The degrees of freedom for the null model are 91 and the objective function was 5.81
The degrees of freedom for the model are 64 and the objective function was 0.4
The number of observations was 1295 with Chi Square = 520.4 with prob < 1e-72
Fit based upon off diagonal values = 0.98
Rotate for more interpretability (purification of components)
pca.hads.varimax <- principal(r = dat.hads, nfactors = 2, n.obs = 1295, covar = F, rotate = "varimax")
pca.hads.varimax
Principal Components Analysis
Call: principal(r = dat.hads, nfactors = 2, rotate = "varimax", n.obs = 1295,
covar = F)
Standardized loadings (pattern matrix) based upon correlation matrix
PC1 PC2 h2 u2
q1 0.33 0.68 0.58 0.42
q2 0.80 0.11 0.65 0.35
q3 0.23 0.77 0.64 0.36
q4 0.67 0.28 0.53 0.47
q5 0.21 0.78 0.65 0.35
q6 0.72 0.29 0.60 0.40
q7 0.47 0.53 0.50 0.50
q8 0.66 0.12 0.45 0.55
q9 0.16 0.77 0.62 0.38
q10 0.63 0.21 0.44 0.56
q11 0.10 0.53 0.29 0.71
q12 0.77 0.20 0.63 0.37
q13 0.21 0.78 0.65 0.35
q14 0.60 0.24 0.42 0.58
PC1 PC2
SS loadings 3.89 3.76
Proportion Var 0.28 0.27
Cumulative Var 0.28 0.55
Proportion Explained 0.51 0.49
Cumulative Proportion 0.51 1.00
Test of the hypothesis that 2 components are sufficient.

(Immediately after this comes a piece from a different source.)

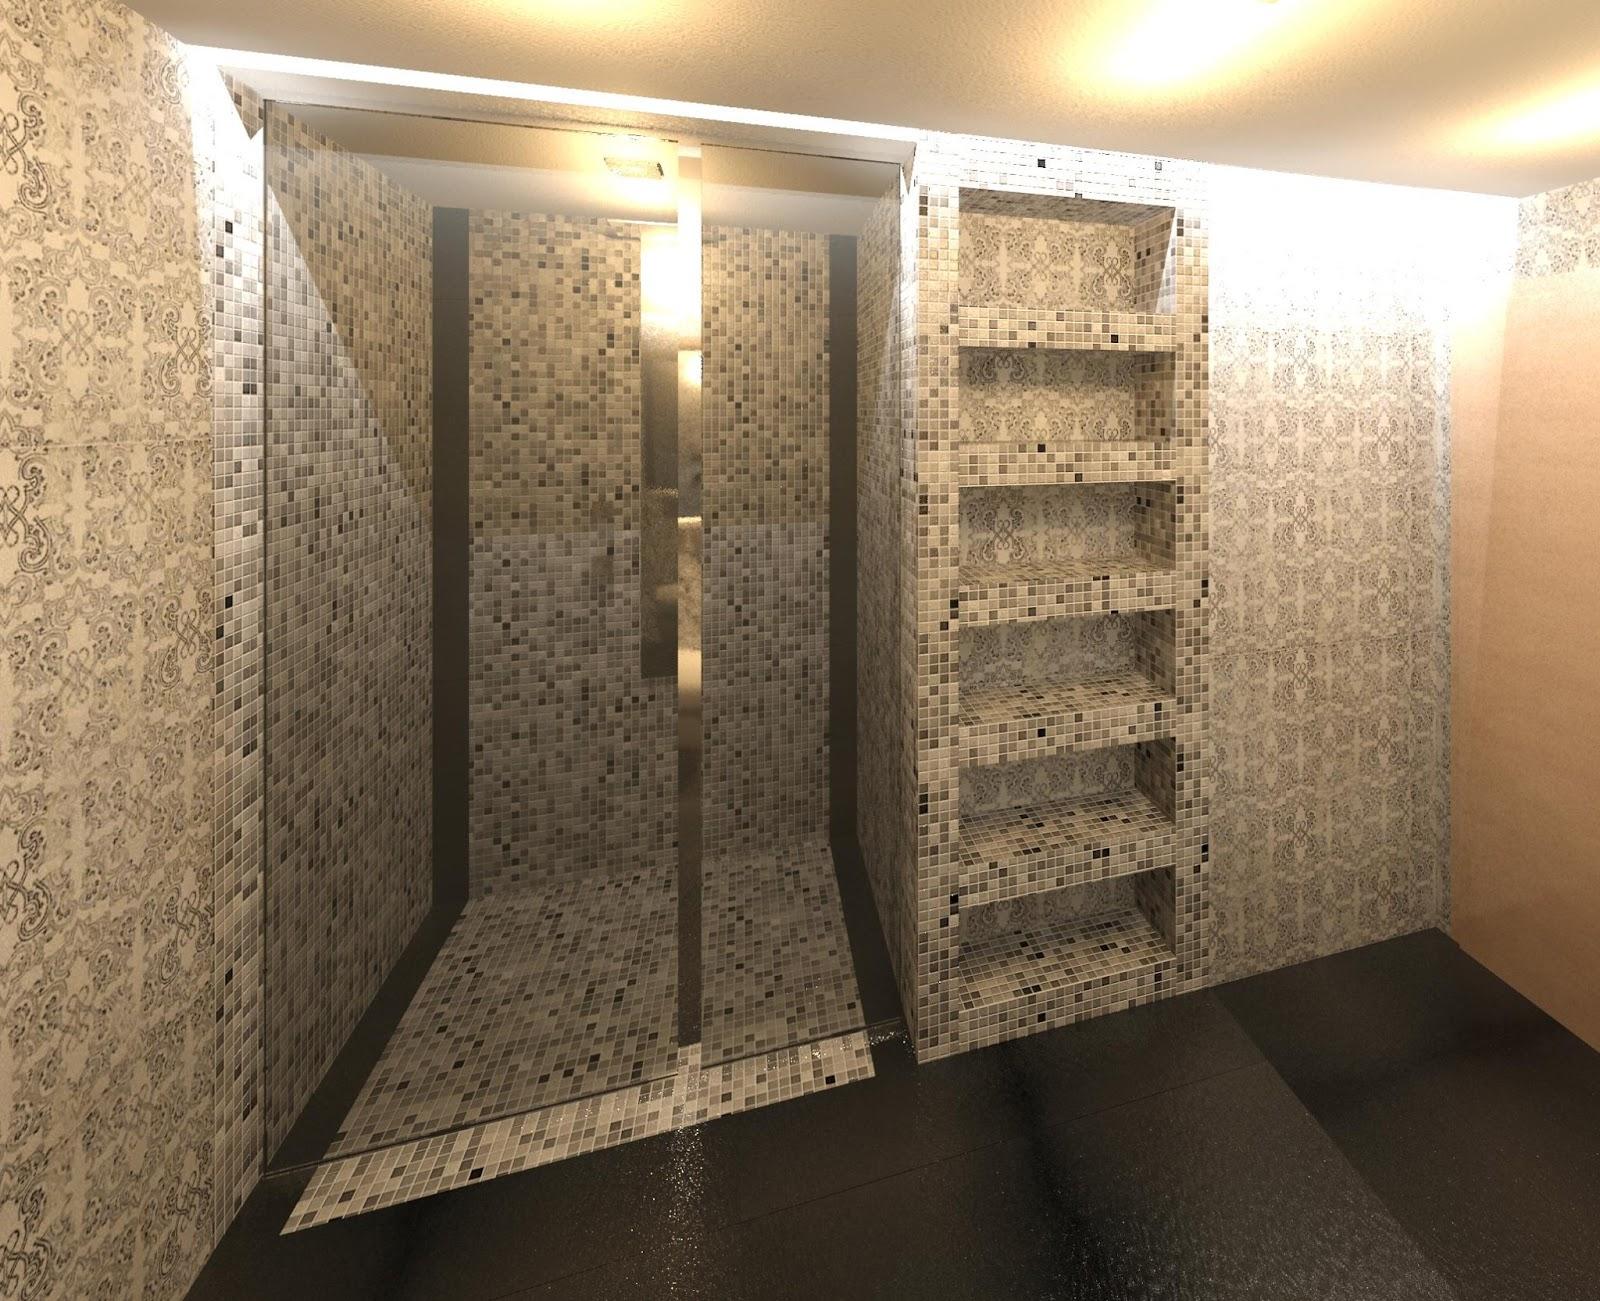 Bagni moderni mosaico ~ avienix.com for .

The degrees of freedom for the null model are 91 and the objective function was 5.81
The degrees of freedom for the model are 64 and the objective function was 0.4
The number of observations was 1295 with Chi Square = 520.4 with prob < 1e-72
Fit based upon off diagonal values = 0.98
The varimax roratation is an orthogonal (avoids correlation) rotation that attempts to purify the component by limiting number of original variables that are highly correlated with each component.
Now PC1 is correlated with even number questions, and PC2 is correlated with odd number questions.